It's been eight months since Currentmom asked "Where are the real working moms?"
I've come up with a theory; Google ate the working moms.
Let me explain.
A little less than a year ago Mama bee wrote about how working moms are invisible. Despite working moms being over 70% of the population of mothers working mothers are not considered "typical" or "normal" mothers by most in the media.
Instead a minority of mothers - higher income and predominatly white women who write in blogs are regarded as the "typical" moms - as representative of all moms. Whenever a "mom issue" is covered in the news or radio or print or online or on TV the same small group of mommybloggers will be trotted out to address mom "issues" and speak for all women with children - as if having children makes us all the same cookie-cutter model. Interestingly, we don't see the same five men being trotted out to speak for all fathers - even if they're bloggers... or not.
I have a theory about how we got here - with the invisible majority - and my theory is grounded in experience in the world of media production and in long experience with online marketing.
The Pitch
Imagine the life of a hungry reporter or PA... let's say you're a twentysomething hungry PA, fresh out of college and you've been given the chance of a lifetime - you get to pitch a story for a television show or an article that could be professionally published. You've been told your topic has to be contentious, geared toward the daytime television market or for the audience that controls household spending - and your topic has to pull in viewership. Huge viewership. You're told to maybe try a "mom topic" - but you're not a mom. You don't know anything about modern moms - none of your friends are moms... so what do you do?
Desperately, you turn to a resource you think has all the answers - a search engine. You Google "mom debate" or "mommy wars" or another "mom topic". Google (or Bing, I'm equal opportunity, after all) feeds you a brilliant, long list of "mom bloggers" and links that you can use for your pitch. You check the blog links and all the moms indicate on their blogs that they'd love to entertain any offers to speak to the media.
Perfect - you've got someone to provide content. Extra bonus points if they're going to pull in their blog traffic to your story.
You the reporter or PA never look past the second page of search results. You've got two or three likely candidates, and you're not going to spend time vetting those candidates or digging deeper. You've got names, now you can pitch.
In reality, you don't really care about the authority or expertise of the person who will speak. What you're looking for is traffic - or better yet a contentious viewpoint. To you, a non-mother, it looks like giving birth makes anyone an "expert" on "mom issues" for every mom on the planet. Giving birth is the only qualifier - and the only measure of authority is search engine results.
The problem is that Google isn't representative of authority, expertise, or population - but millions of people think that the results are. If Google says it, it must be so.
I'm saying this as a professional web publisher - I've created SEO strategies, I worked on the inside of a BIG search engine (as a reviewer). Search engines have never indicated authority or expertise on topics. Search engine results indicate marketing activities, keyword buys, and all the heavily massaged, manipulated and populated data of those with enough time to build a search optimization strategy.

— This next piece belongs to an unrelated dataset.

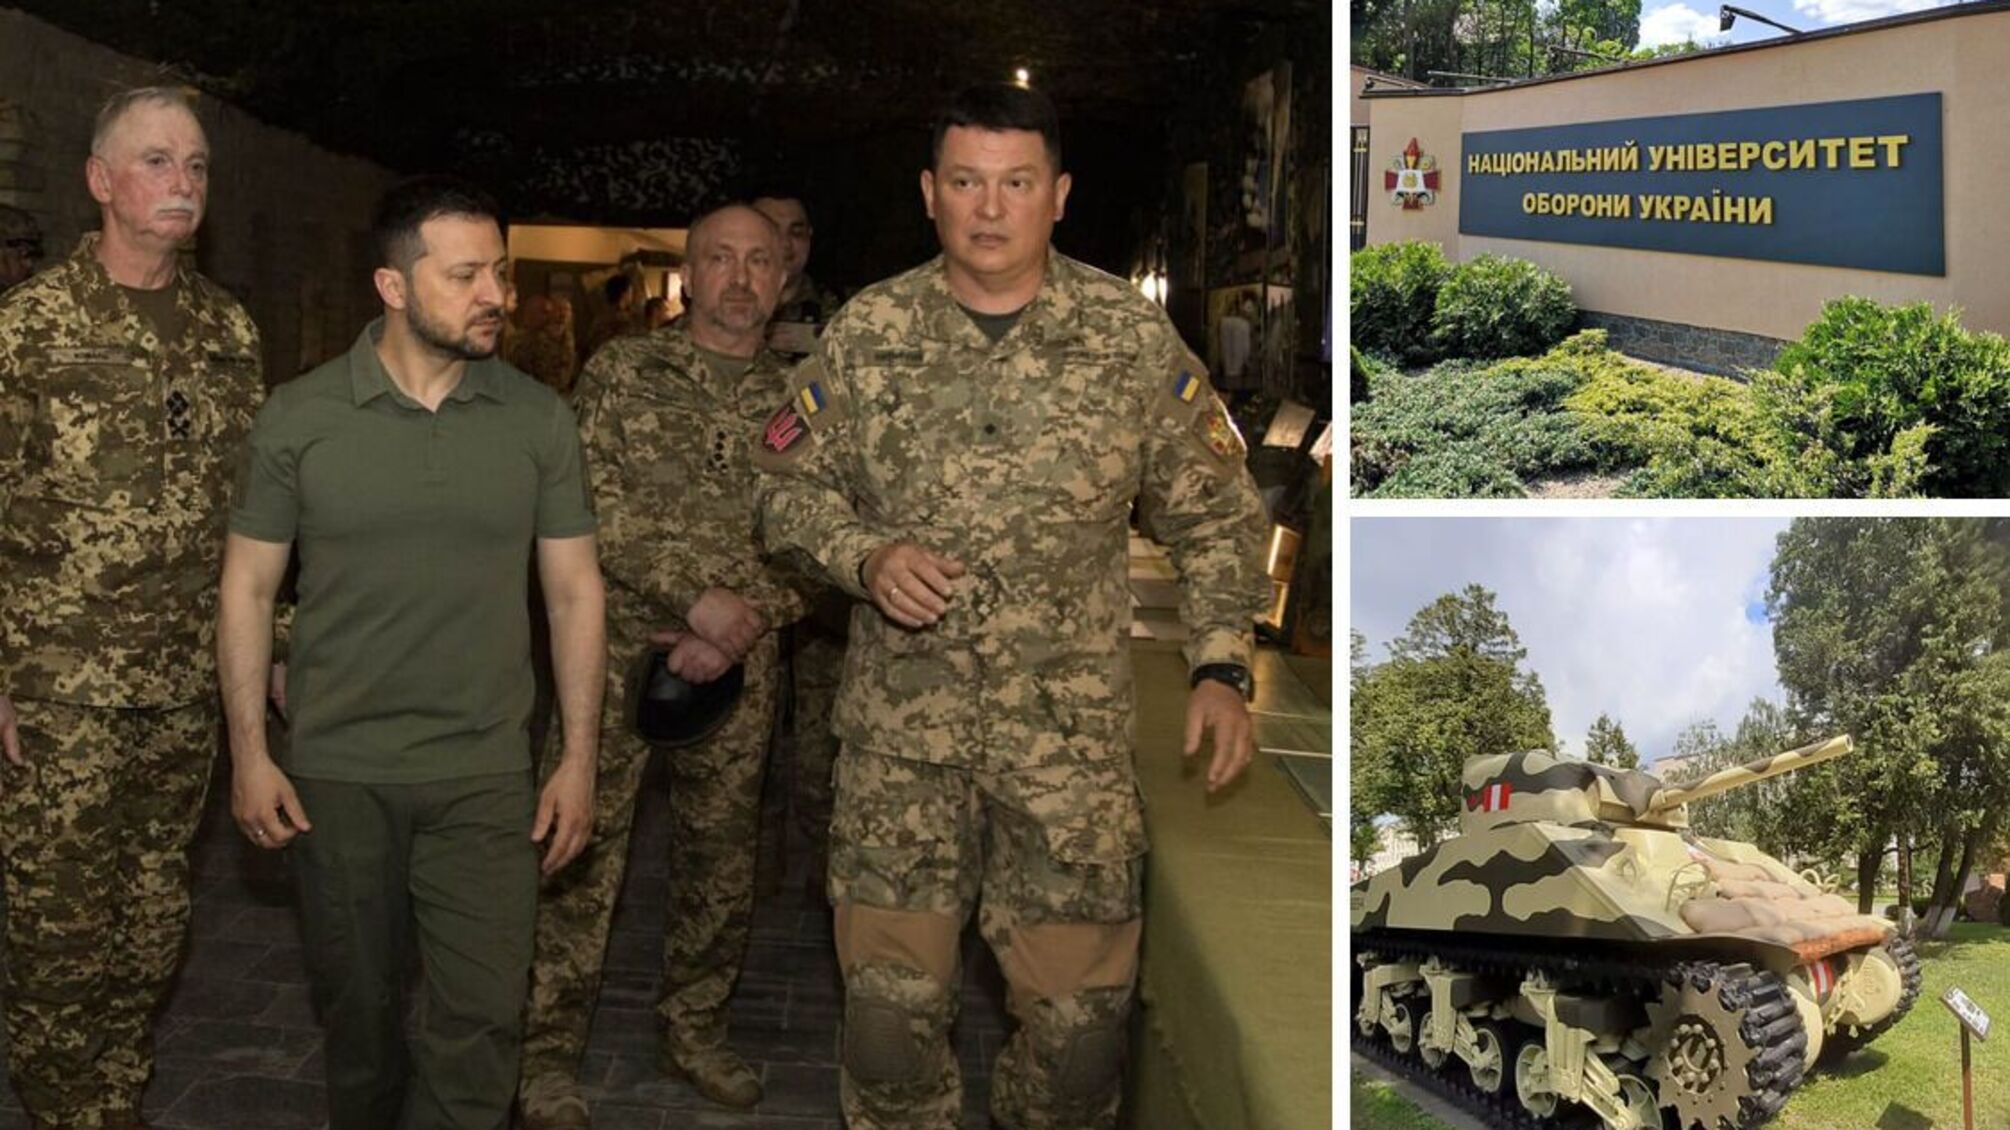 На территории Нацуниверситета обороны в Киеве действует военно-исторический музей, посетивший Владимир Зеленский

In short popularity - not authority.
The new authority is search engine ranking - not experience - not scholarly expertise - not wisdom or longevity.
Which is why I laughed, a lot, when Twitter recently told me that Dooce was "Similar to You". I don't have anything against Heather, but we are not similar. Yes - we've both been blogging forever, but she enjoys a very rare work at home situation for a very high income, with a paid assistant - while I have the much more typical experience of being a working full-time, out of the home mom, for a very typical income and no paid help.
Heather is a celebrity who earns an income, but she's not a typical working mom - she's never written a thing about the issues that plague most working moms. Yet, Heather is considered an authority on working moms by many media outlets.
Work it
Working moms have also become invisible for another reason - semantics.
There has been an ongoing campaign to "redefine" the term "working mom". It is no longer acceptable to indicate a paid, out of the home career with the term "working" because of the popularity of the bumper sticker philosophy "all moms are working moms". The goal of this quip is to elevate every mother by giving them all credit for working - by diminishing the work of working mothers.
Working moms have had the term "working" stolen from us - we're not allowed to use the word "work" out of fear of backlash from those who have co-opted the word. We are not allowed to say what we are.
Blogs from moms with full-time careers (hi!) are almost impossible to find - because every mom calls herself a "working mom" now.* Hobbies with tiny incomes or no income but lots of goods-in-trade are now equated to full-time careers. Everybody's "working" at home. Volunteering is now "working". Hobbies are "working". Everything is "work"... except work.
Working moms need working moms
Working moms understand working moms - and we need to hear from moms with experience and authority in this topic - other working moms. We need to find a different way to network working moms that doesn't rely on marketing massages and popularity contests. Search engines will never be a resource for working moms who want to find each other - working moms don't have the time to massage our search results - we need to find each other quickly and build our network so that we can speak for ourselves.
* Yes, motherhood is hard - I didn't say it wasn't. The word "working" doesn't indicate "hard" or "difficult". Working indicates working - why is it that can we use the word "working" as a adjective for all nouns except "mom"?